The entry-level 13-inch M2 MacBook Pro, the one with the Touch Bar and the aging six-year-old case design, is already a bad choice, but the news gets worse. Its SSD, the storage’ disk,’ only operates at half the speed of its predecessor. It’s not a stretch to say that ever-faster SSDs have been the most important change in personal computers over the last decade, so this is a significant step backward. “An SSD performs the same function as a hard drive, but since it has no physical moving parts, it can be much faster.

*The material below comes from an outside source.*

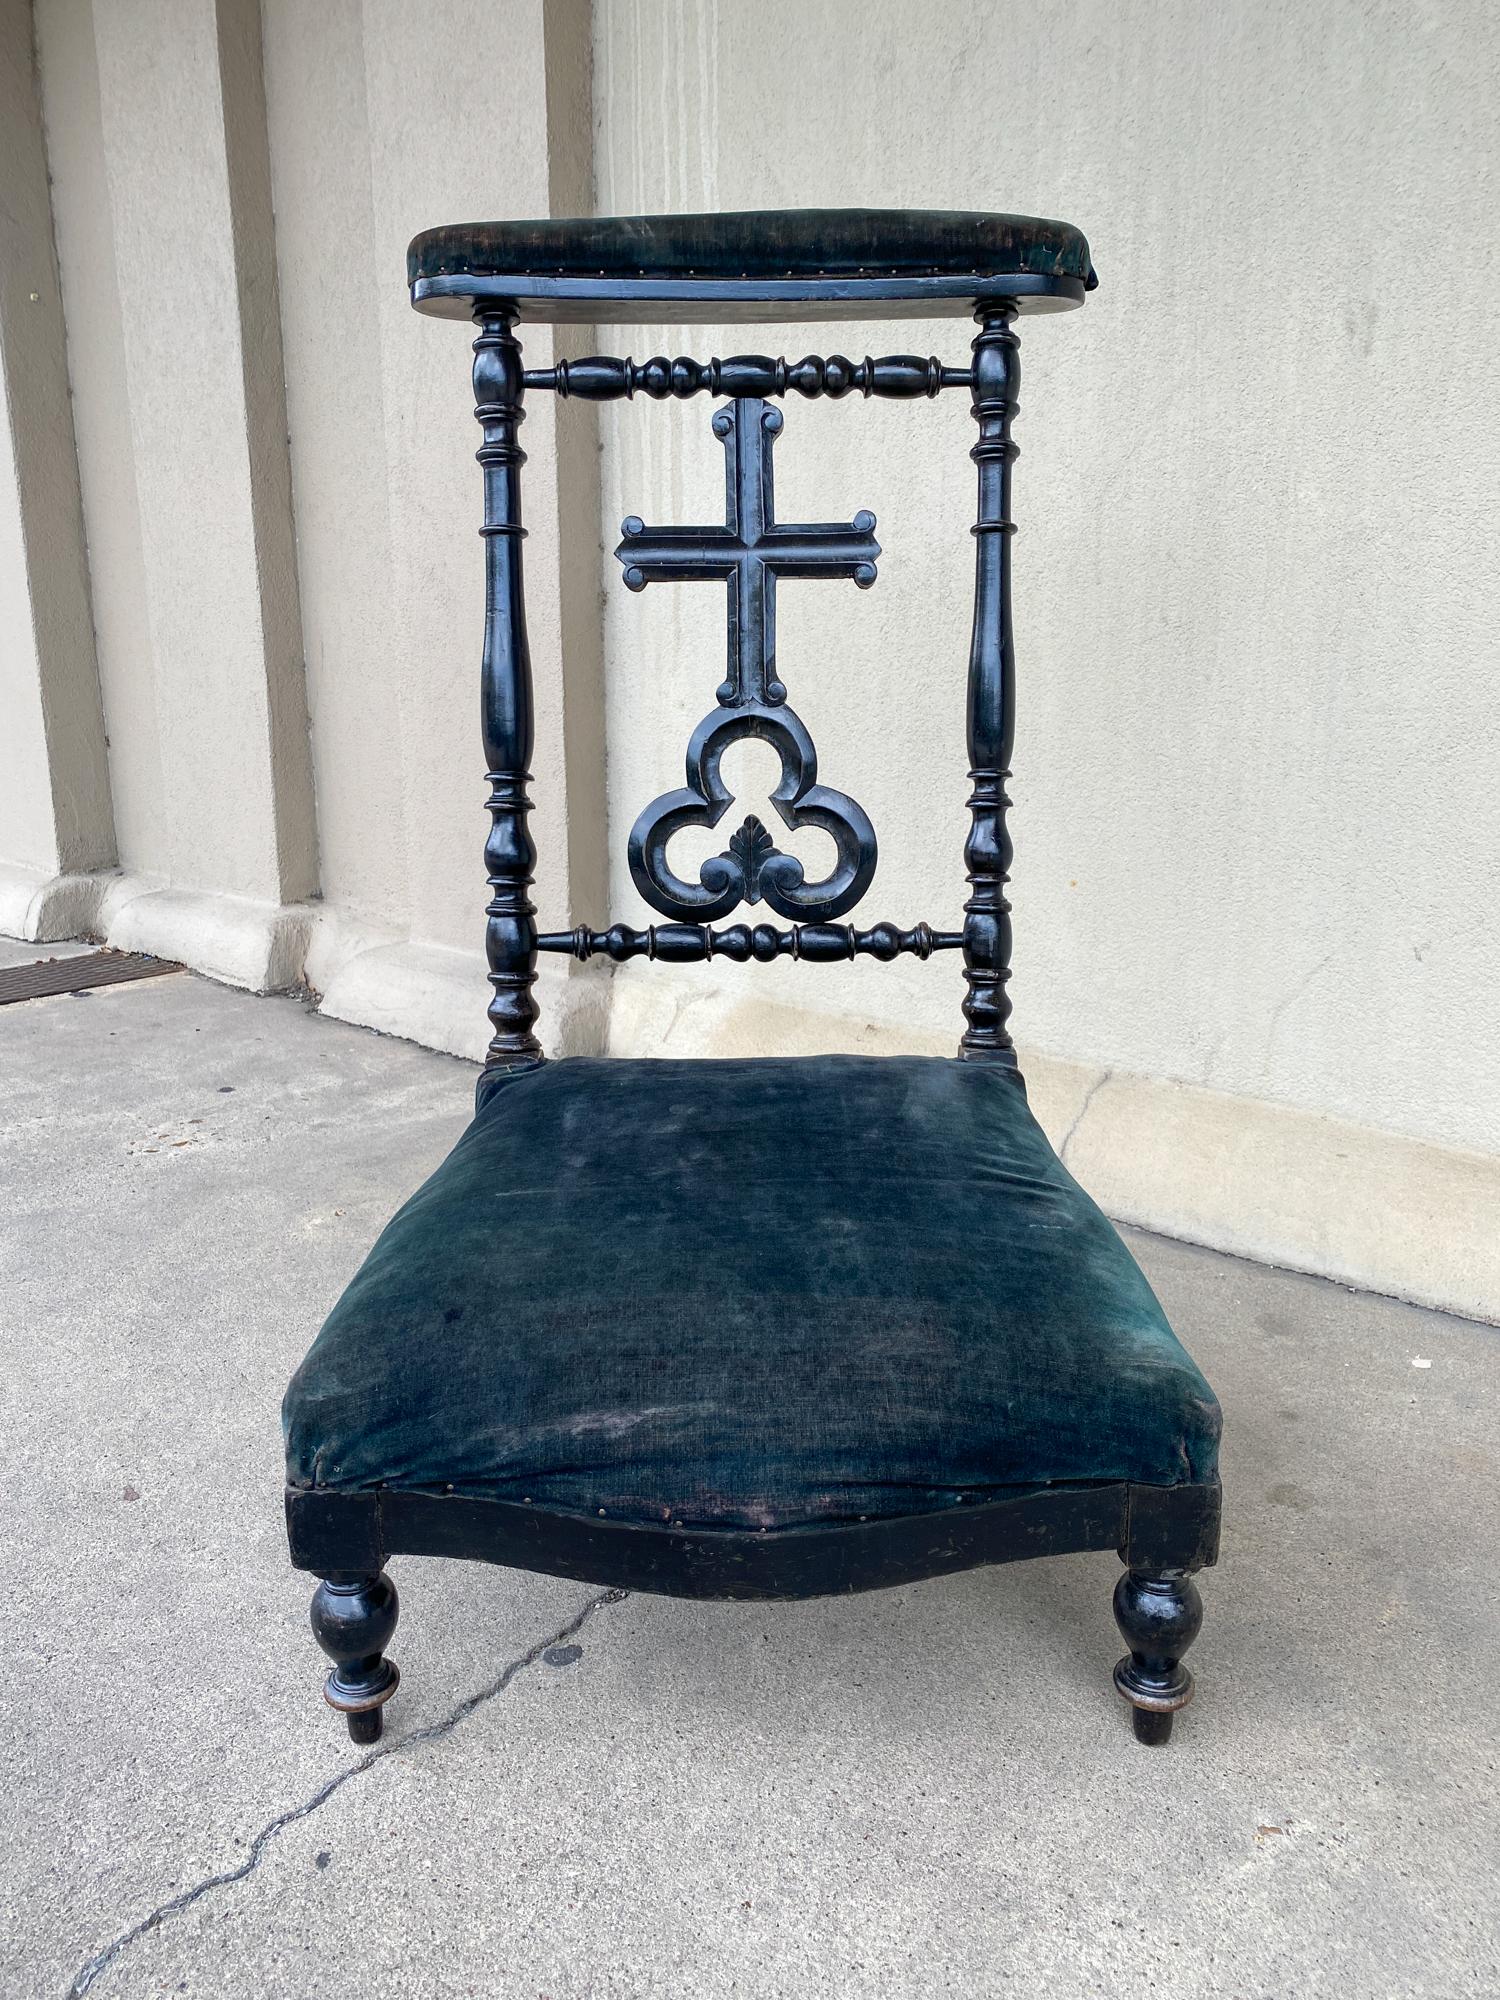 This antique French Napoleon III kneeler chair dates to 1850 and is crafted in ebonized wood and deep green velvet upholstery. With ornate carvings on the back of the chair, featuring a cross, trefoil design along with turned details on the side and

Installing Windows onto an SSD as opposed to an HDD will allow for faster boot times and overall more snappy response from the operating system,” technology journalist Nick Page told Lifewire via email. “It’s hard to express how significant the difference is, but once you’ve used an SSD, a hard drive can feel frustratingly slow.”
Hard Drives vs SSDs
In the olden days, computers came with spinning hard drives, thick glass platters covered in magnetic material, with read/write heads that skittered across the surface without touching, mere nanometers from disaster. In a way, it was like a cross between a spinning vinyl record and a magnetic cassette, and it’s amazing that they worked as well as they did. Or do—we still use hard drives where storage capacity is more important than speed. Then came SSDs, which have no moving parts, so the computer doesn’t have to wait for the head to move into place before reading data. When SSDs were first introduced to personal computers, the difference was obvious and huge. Hard drives had long been the bottleneck in computer performance, and SSDs uncorked it in a spectacular fashion. “I believe the slow 256GB base M2 MacBook Pro SSD problem is a bigger deal than others are making it out to be,” MaxTech’s Vadim Yuryev said on Twitter, “especially since the new M2 model was SLOWER than the M1 when we put a multitasking RAM stress load on it.” Adding an SSD to an old computer could rejuvenate it. I swapped one into an old 2010 iMac, which meant I could keep using it for a decade. It’s still perfectly usable today. The SSDs in Apple’s current Mac lineup are some of the fastest in the business, but the throwback M2 MacBook Pro is a veritable sloth. What’s happening? Fast storage is especially important today because as it approaches the speeds of RAM from the recent past, it can be used as a substitute for that RAM. This allows the M1 iPads to run the new multiple-window Stage Manager feature. When they run out of precious RAM, they can swap that data to the SSD with relatively little loss in performance.
M2 MacBook Slow
According to tests done by the Max Tech YouTube channel, these new Macs are actually slower than the old model. Specifically, the entry-level 256GB version of the M2 MacBook Pro shows a significant drop in SSD read speeds—the speed at which the computer can pull data off the drive. The old M1 MacBook Pro gets around 2,900MB/s, while the new M2 only reads at 1,446MB. Open both computers, and it’s easy to see what’s happening. While the old version uses two 128GB NAND SSD chips, the new Mac uses a single 256GB chip. Because those two chips can run in parallel, they can offer more speed—double, in this case. The answer is not to buy the entry-level model but to step up to the 512GB version instead. One does wonder who needs a pro-level Mac with the latest M2 chip but then skimps on the internal storage. 256GB isn’t really enough storage for anyone. The real answer is not to buy this computer at all. As we wrote last week, it’s a legacy, 2016-era MacBook with a new chip inside. Either wait for the new M2 MacBook Air, which should go on sale sometime in July, or just buy the older M1 MacBook Air that’s available now for just $1,000, and spend the difference on more SSD space. You won’t regret it.